There are five cornerstones for this agenda:
The first one is to secure the science. There can’t be two different sets of prescriptions for the same disease – one for the rich and one for the poor. Access to the best possible medicines must be guaranteed and the lack of resources or capacity must not be an excuse. In addition, there’s a lot of room for innovation – in producing simpler ways to manage HIV treatment. These innovations must be robust enough to work everywhere in the world, from a remote village in Cambodia to the United States. Last week, we laid out a new blueprint to find a cure for AIDS. The quest for a vaccine, too, has taken one-step forward. Science will eventually deliver a final blow to AIDS. Meanwhile, let us do what is in within our control.
The second is to secure good laws. There’s no reason why countries should stop people living with HIV from moving freely. There’s no reason for the criminalization of adult sexual behavior or punitive laws against people who use drugs, sell sex or are living with HIV. Women and girls must feel safe and able to protect themselves from violence and abuse.

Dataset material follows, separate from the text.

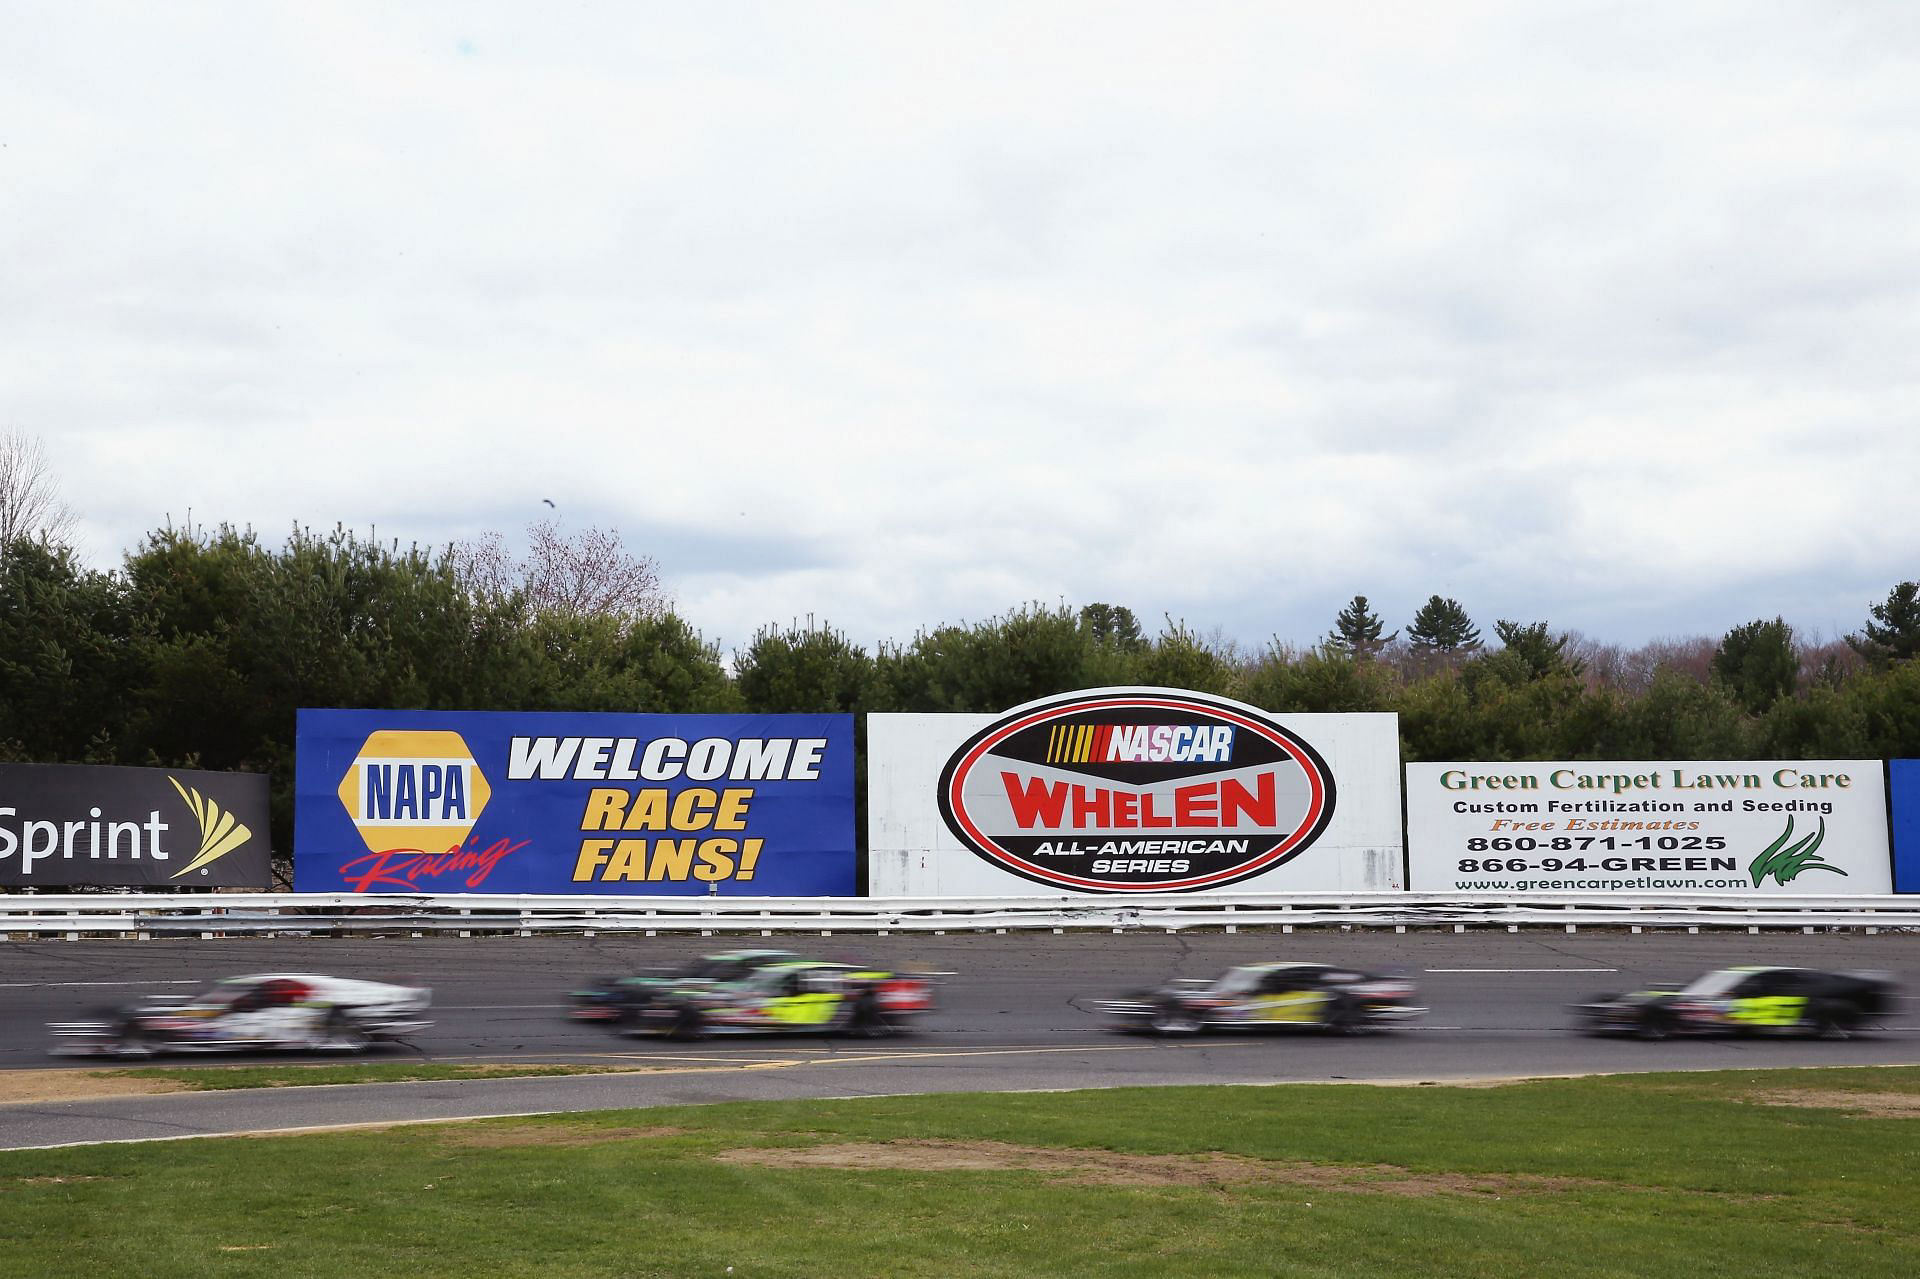 Full race results of NASCAR Whelen Modified Tour race at Martinsville
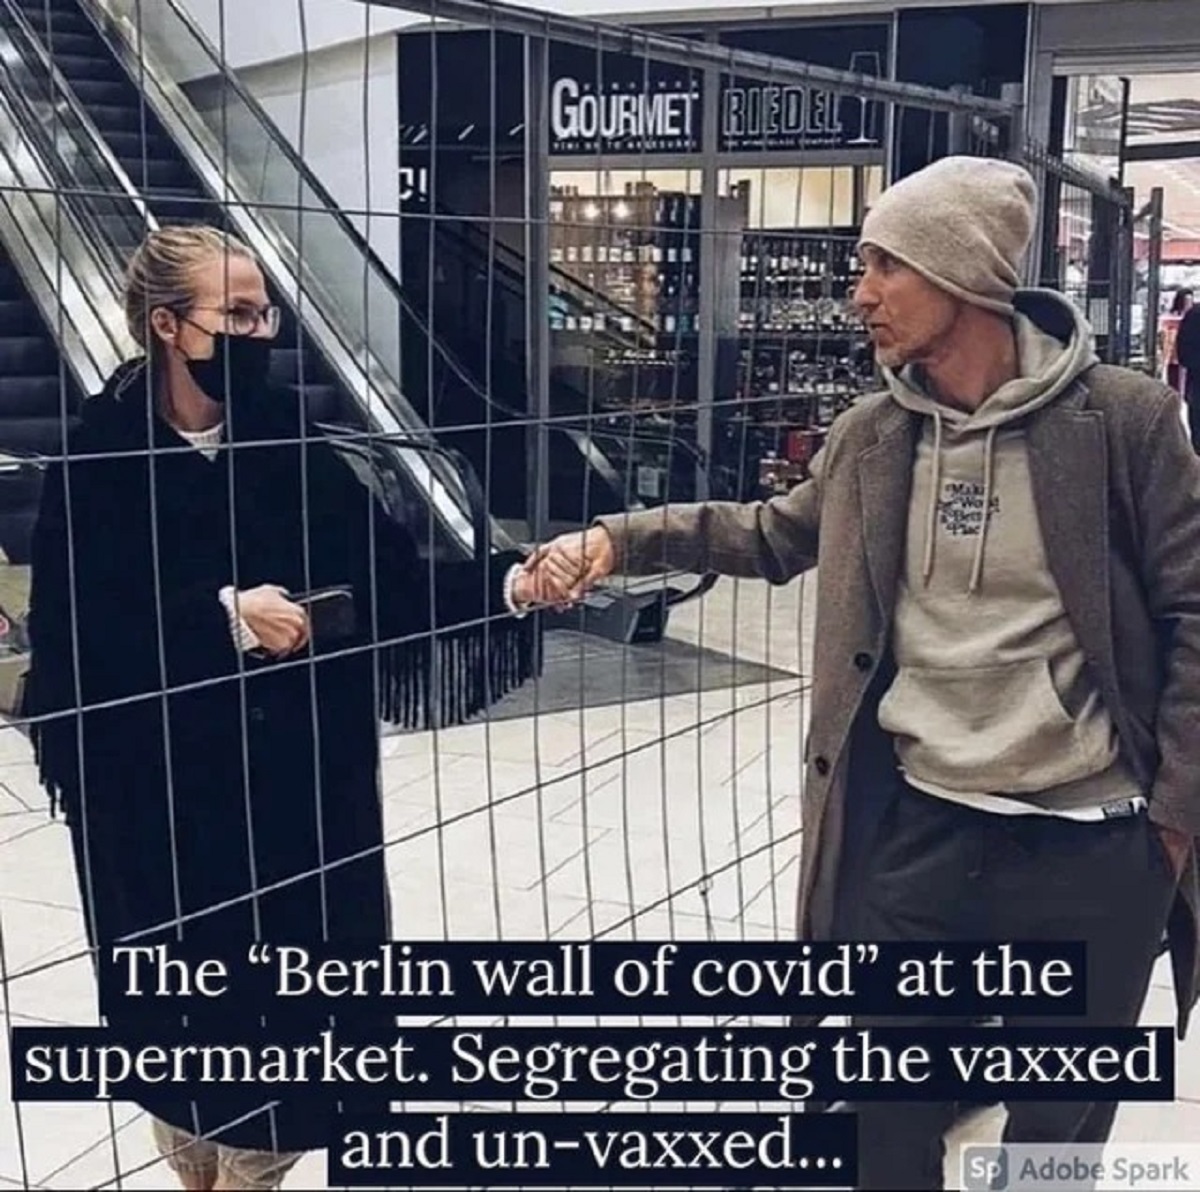 cringe pics - cool - C! Gourmet Biedel Virene Maki Wa The "Berlin wall of covid" at the supermarket. Segregating the vaxxed and unvaxxed... Sp Adobe Spark

When there’s zero discrimination, it will become easier for people to access essential HIV services. Securing access to services is the third cornerstone. The presence or absence of a virus in the human body should not determine if people have access to affordable health care, health insurance, access to schools, adequate nutrition and social protection.
The fourth is securing the full investment. World leaders have agreed to invest between $ 22 billion to $24 billion in low- and middle-income countries annually by 2015. The AIDS response has to be fully funded. Halfhearted and half-empty promises don’t deliver results. Building half a road won’t get you to your destination. If you don’t invest fully, you’ll have to pay more later and pay forever. We also have a responsibility to invest efficiently and effectively. Far too many countries invest in programs that are either ineffective or efficient. We have to focus on where the next 1,000 infections will occur, not on pet projects. Ideology has to be replaced by evidence. People have to take precedence over politics.
The fifth cornerstone is community ownership and global solidarity. It’s been proven again and again that when communities are empowered to design and manage their own programs, not only do costs come down, but results are guaranteed. From sex workers in Kolkata to people who use drugs in Kiev, mentor mothers living with HIV in Maseru to men who have sex with men in Dakar, they have managed to provide support to their peers and provided a safe place to access services with dignity and respect. However, they can only do their jobs if we continue to build and maintain global solidarity.
Last summer, world leaders agreed to a set of global targets to be achieved by 2015. These have to be met, but we need to look beyond. We have to aim for the end of AIDS – and that begins today.